Some previous studies described that the investment of blood vessels began by vessel-contact cells showing no multibranched morphology.[9,19,20] Whether these cells had been committed to astrocyte fate when contacted vessels or just the contact committed them it is not clear. They contained neither nestin nor vimentin, which only appeared during the formation of their multibranchial astrocyte shape. Zerlin et al.[9] supposed that vessels provide signals to promote the elaboration of astrocyte shape. Endothelium-produced bone morphogenetic proteins (BMP) have such effect.[21] Endothelium-produced leukemia inhibitory factor (LIF) promotes astrocyte fate to neuronal one.[20,22] Weidenfeller et al.[23] found that vessel-contact progenitor cells developed most frequently to astrocytes in cultures. For a recent review see Goldman.[24]

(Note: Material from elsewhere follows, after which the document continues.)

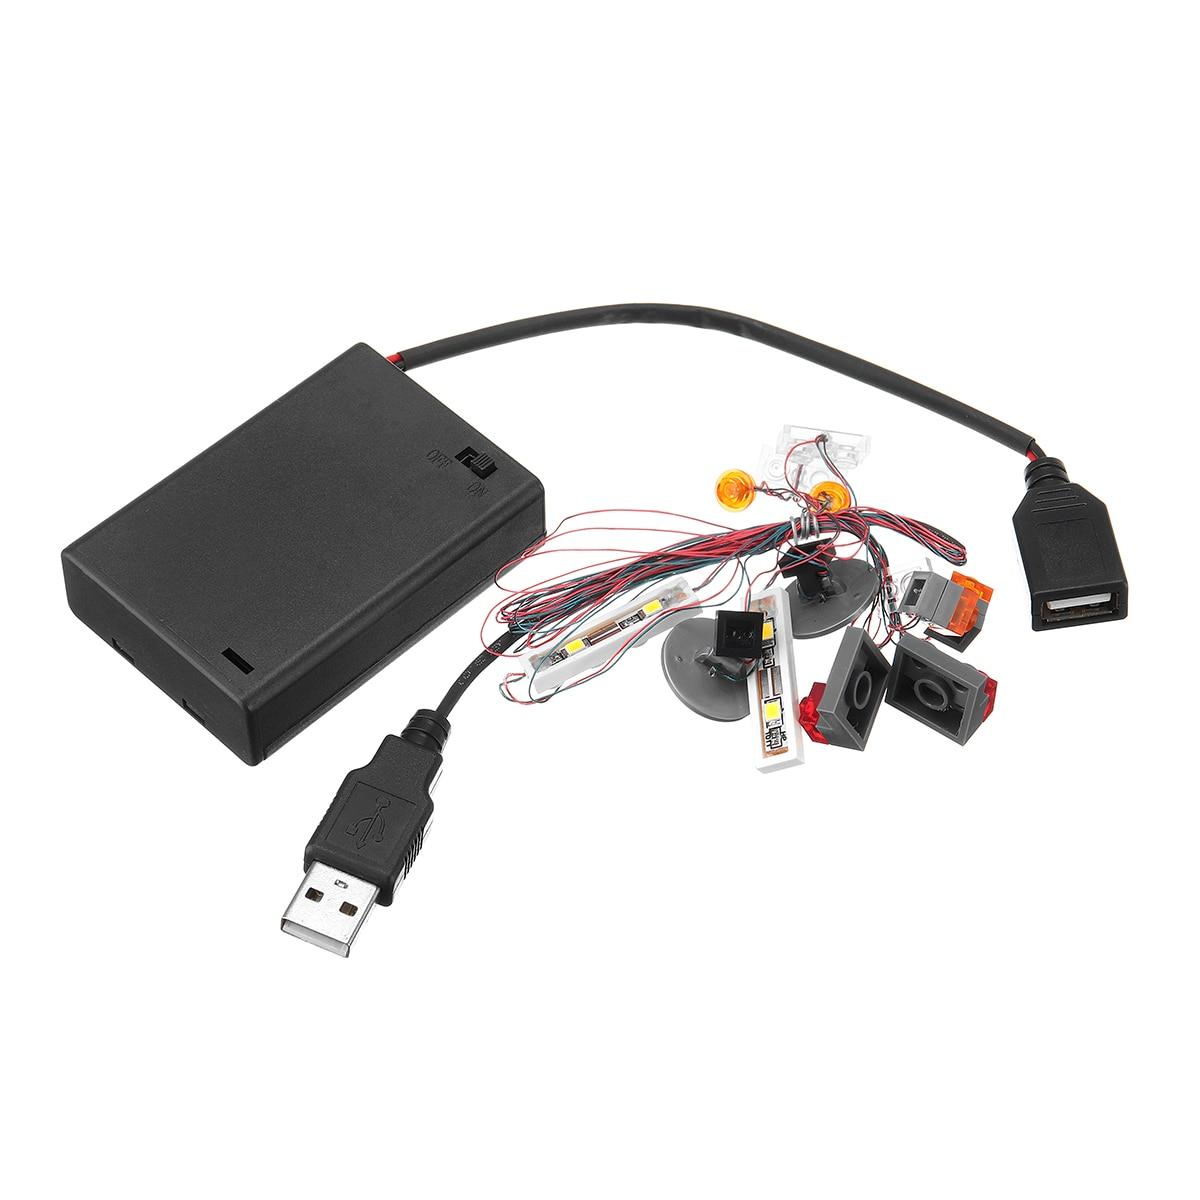 DIY LED Light Lighting Kit ONLY For Lego For 10252 For Volkswagen Beetle Model  Luminous Electronic Parts Kit

Our observations on the process formation are in accordance with the former ones which found vascular processes of radial glia from E17 and cells resembling astrocytes from E19-20.[25-27]

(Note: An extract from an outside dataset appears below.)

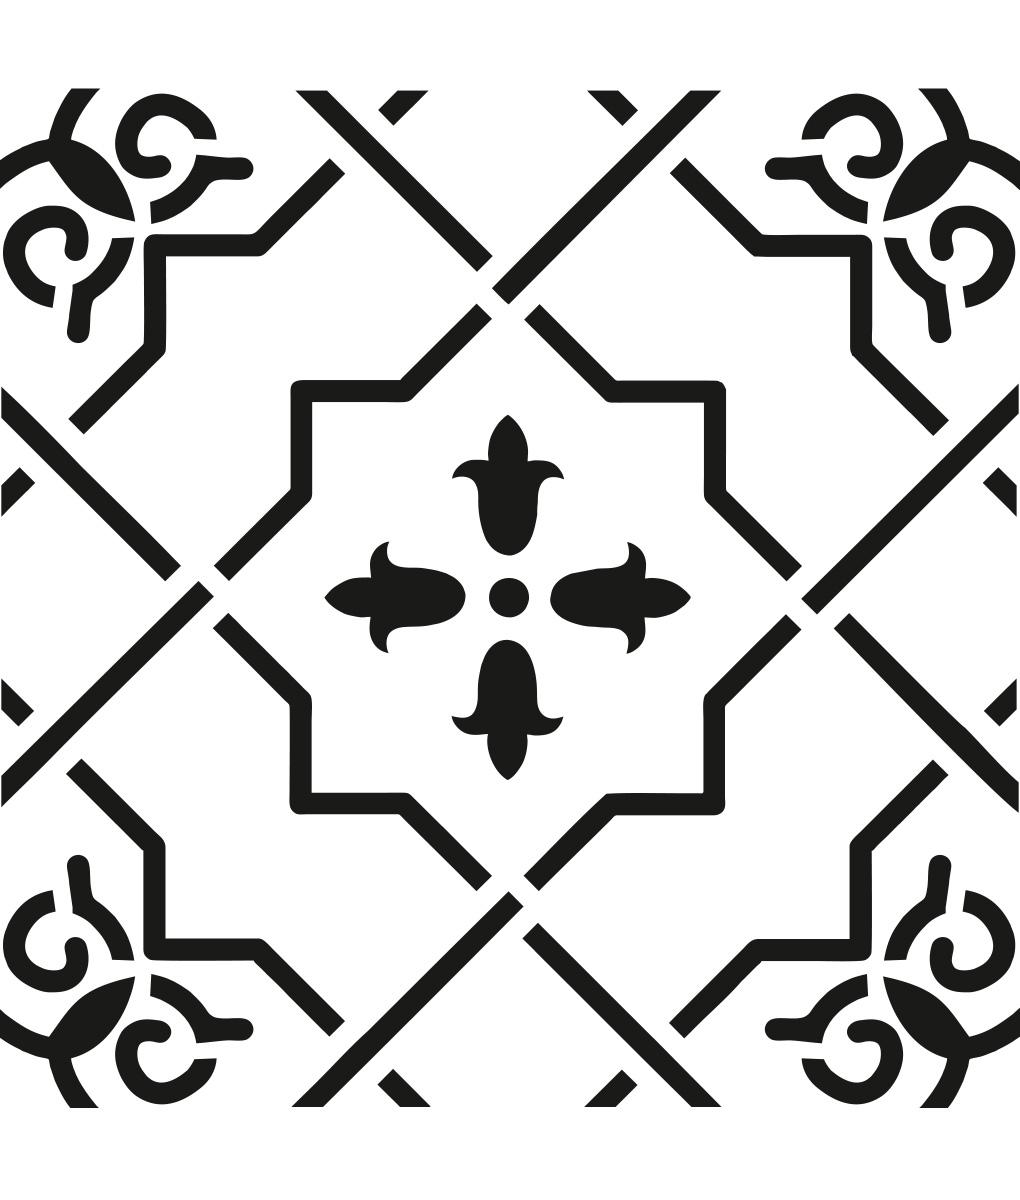 Šablóny - obkladačkové vzory 👍👍👍 - Obrázok č. 58

Dystroglycan and astrocyte differentiation

The appearance of β-dystroglycan is a step of differentiation of perivascular astrocytes, since dystroglycan is a characteristic molecule of these cells.[1] The dystroglycan complex contains GRB2 (growth factor receptor binding protein).[6] It promotes the action of LIF;[22] its absence restricts astrocyte differentiation.[28] The early presence of β-dystroglycan suggests that the vascular processes do not extend from the cell body to the vessels rather they lengthen as the cell bodies are ‘pushed’ apart by other cells inserted. The dystroglycan-containing parts remain attached to the vessels and transform to end-feet. This type of transition from round vessel-contact cells to end-feet bearing ones is demonstrated by Engelhardt[29] (see her Figure 3). Knockouts of β-dystroglycan in the GFAP-expressing structures had a detrimental effect on the formation of pial astroglial end-feet.[30-32] Vascular end-feet, however, were not investigated. In conclusion, β-dystroglycan already appears in immature perivascular cells and may promote their differentiation to astrocytes and influence the formation of glio-vascular processes.